If that sounds like the sort of situation you might use a laptop in, then it's not the end of it. There's also an optional Bluetooth mouse and Bluetooth keyboard, as well as a number of flip-cases including some which have been custom-designed by companies like Moschino. There's even a USB LAN hub for a wired ethernet connection.
Whether you opt for a traditional method of text entry or otherwise, the NotePRO has a couple of preloaded apps to make using it more like a traditional computer. In fact, one of them just brings your regular computer to the tablet's display, with Samsung's Remote PC app connecting to a PC or Mac and allowing you to run apps, copy across files, and generally use it as if you were sat in front of it at home or the office. Samsung e-Meeting sets up impromptu workgroups among multiple NotePRO tablets, for collaborating on documents in real time, while Samsung will also include six months of access to Cisco WebEx Meetings including eight-person video calls and screen-sharing.
Meanwhile, there's what Samsung is referring to as its "Ultimate User Content Gift Package" with what the firm says is around $700 of apps and subscriptions to services like Bloomberg Businessweek+, Dropbox, and others. There'll be up to a year of Evernote Pro subscription, for instance, as well as a free copy of Sketchbook Pro.

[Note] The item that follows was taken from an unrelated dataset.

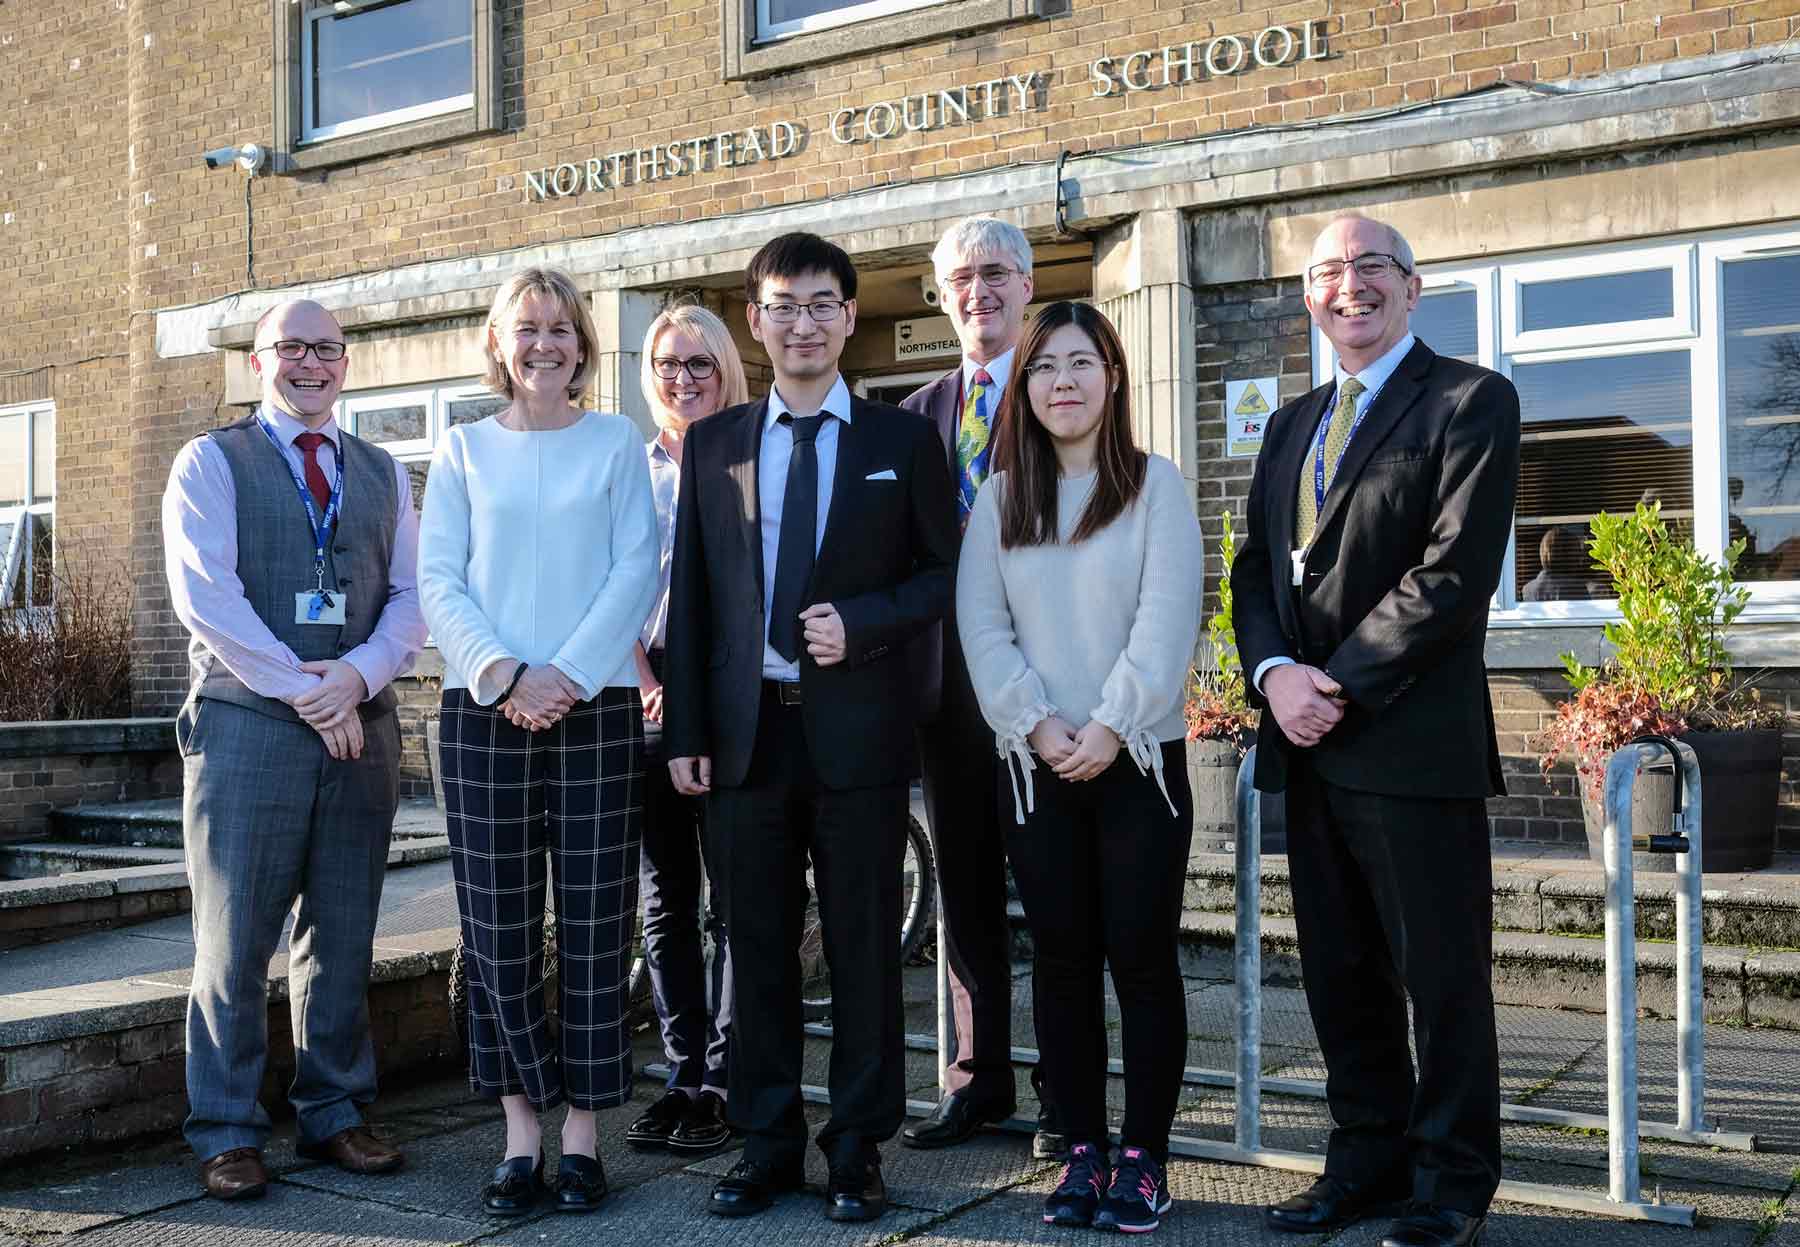 Matthew Davies - Primary Mastery Specialist, Kim Mitchell - Primary Mastery Lead for the Yorkshire Ridings Maths Hub, Emily Crankshaw - Primary Mastery Specialist, Lu Yong - Shanghai teacher, Colin Prestwich – Maths Hub Lead, Chen Jiajun - Shanghai teacher and Jim Lidgley, Headteacher at Northstead Community Primary School

There's certainly no doubting that tablets are primarily content consumption machines; while it's certainly possible to use a tablet to create something, it's generally not the most efficient of processes. The Galaxy NotePRO does address that, but it does so with a number of compromises along the way. It's not light, and while the onscreen keyboard is better than many we've used, it still doesn't allow for the speed of typing that a proper, physical 'board would offer.
On the other hand, there's certainly an audience out there asking for a larger tablet, and the combination of split-screen and multi-pane tools make Android more flexible than ever before. A lot will depend on pricing, which Samsung will announce closer to the Galaxy NotePRO's global launch later in Q1 2014.